The Fixed-Point Algorithm is a simple iterative method used to find solutions to equations of the form \(x = g(x)\). The basic idea is to choose an initial guess, denoted as \(x_1\), and then apply the function iteratively to get closer to the solution.

Here's how it works:

• Start with an initial guess \(x_1\).
• Compute \(x_2 = g(x_1)\).
• Continue this process to get \(x_3 = g(x_2)\), and so on.
• Iterate until the values converge, meaning \(x_{n+1} \approx x_n\).

In our exercise, starting with \(x_1 = 0.7\), we apply the function \(2x - 2x^2\) iteratively. As a result, the values start to converge towards the solution. This method is particularly useful when the equation is difficult to solve algebraically. Always ensure to choose a good initial guess close to the actual solution for faster convergence.

Function intersection involves finding points where two or more graphs intersect. This is a powerful concept because it helps determine solutions common to multiple equations. For instance, in the problem, we need to find where the graphs of \(y = x\) and \(y = g(x)\) intersect. This gives us the roots of the equation

Here are the steps:

• Sketch the graphs of both functions on the same coordinate plane.
• Identify the coordinates where they meet. These points are the solutions.

For the problem above, plotting \(y = x\) (a straight line) and \(y = 2x - 2x^2\) (a parabola) reveals that they intersect around \(x = 0.6\). Visually inspecting graphs helps to approximate the solutions before solving them numerically or algebraically.

Quadratic functions form one of the fundamental concepts in algebra and calculus. They are polynomial functions of degree 2, expressed as \(y = ax^2 + bx + c\). A key feature of quadratic functions is their parabolic shape.

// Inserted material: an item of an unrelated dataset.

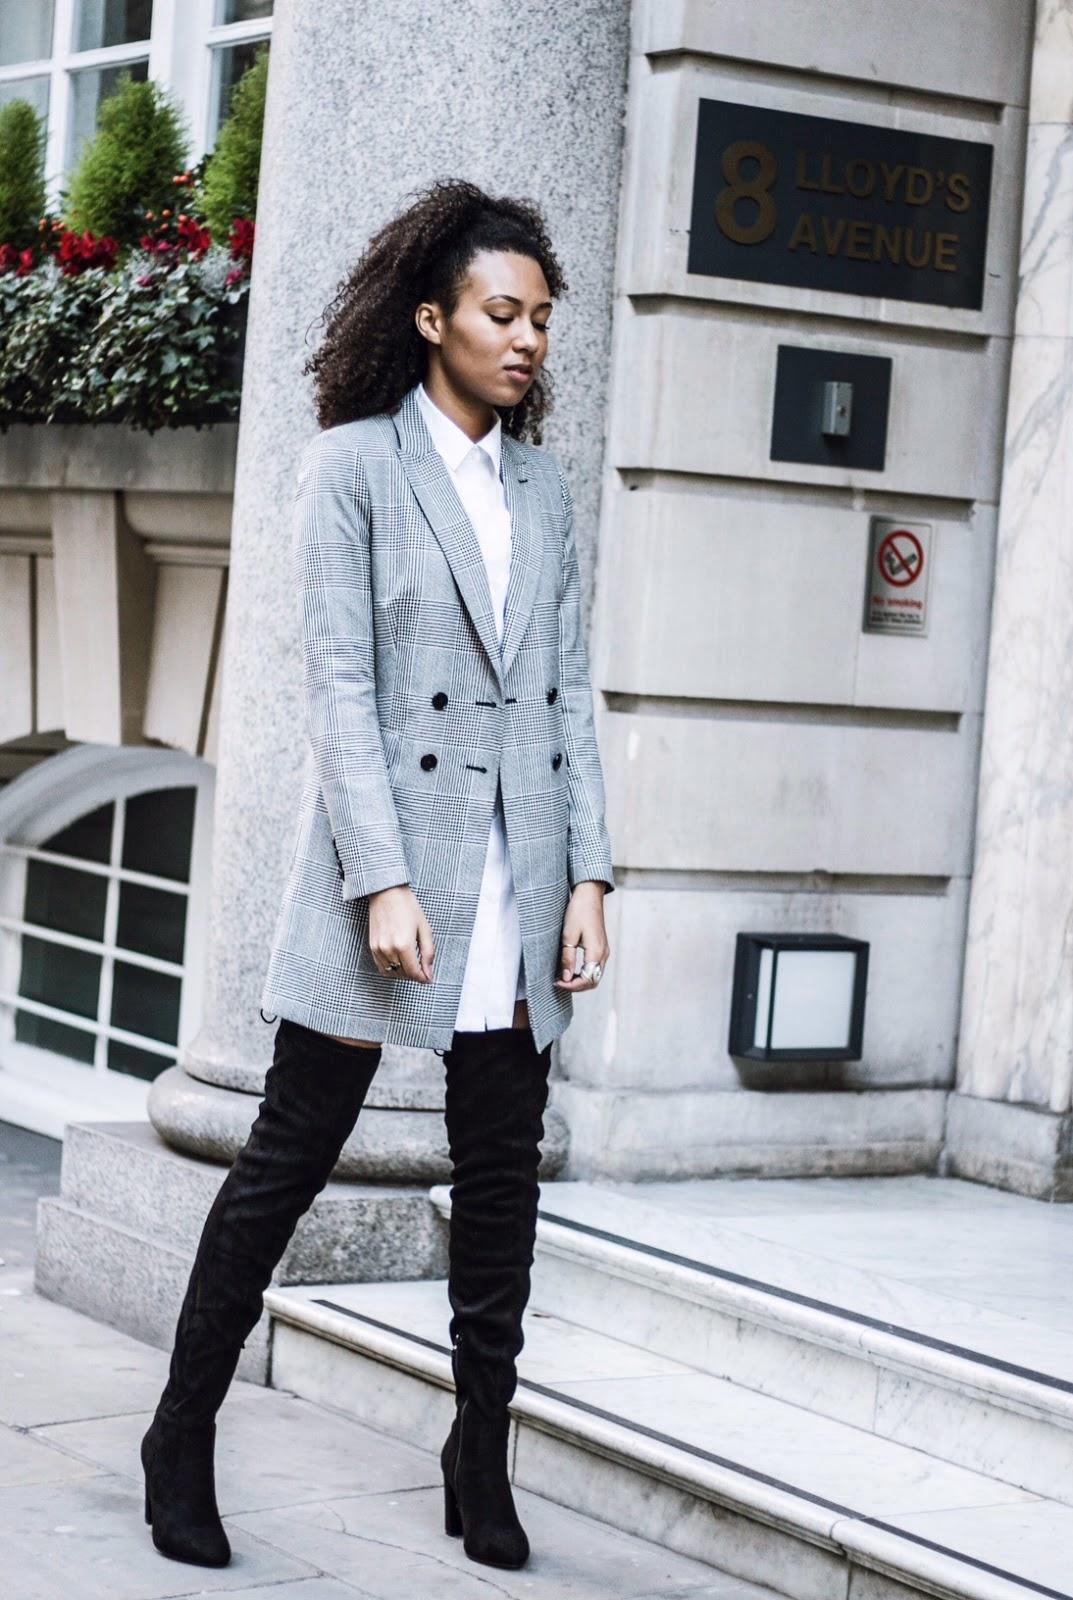 reiss vale 1975 longline blazer jacket street style

In the exercise, we have the quadratic function \(y = 2x - 2x^2\), which can be rewritten as \(y = -2x^2 + 2x\). Important characteristics include:

• The vertex of this parabola is located at \(x = 0.5\), the midpoint of the roots.
• The graph is downward facing because the coefficient of \(x^2\) is negative.
• The roots are found by setting \(y = 0\), giving us solutions \(x = 0\) and \(x = 1\).

Understanding these properties helps in both graphing and solving quadratics, whether visually or using algebraic techniques.

Graph sketching is a vital skill for analyzing functions. By sketching graphs, we can observe the overall behavior of functions, especially how they intersect. This can often give insights into approximate solutions with simple visual inspection.

When sketching graphs:

• Identify key points like intercepts, roots, and vertex for quadratic functions.
• Mark these points with precision on your graph.
• Connect the points smoothly, adhering to the nature of the graph (e.g., linear or parabolic).
• Consider the slope and the direction (upward or downward) for the parabolas.

For the problem at hand, sketching both the line \(y = x\) and the parabola \(y = 2x - 2x^2\) allows us to visually approximate intersections near \(x = 0.6\). This technique is not only useful for solving equations but also for gaining a deeper understanding of function behaviors.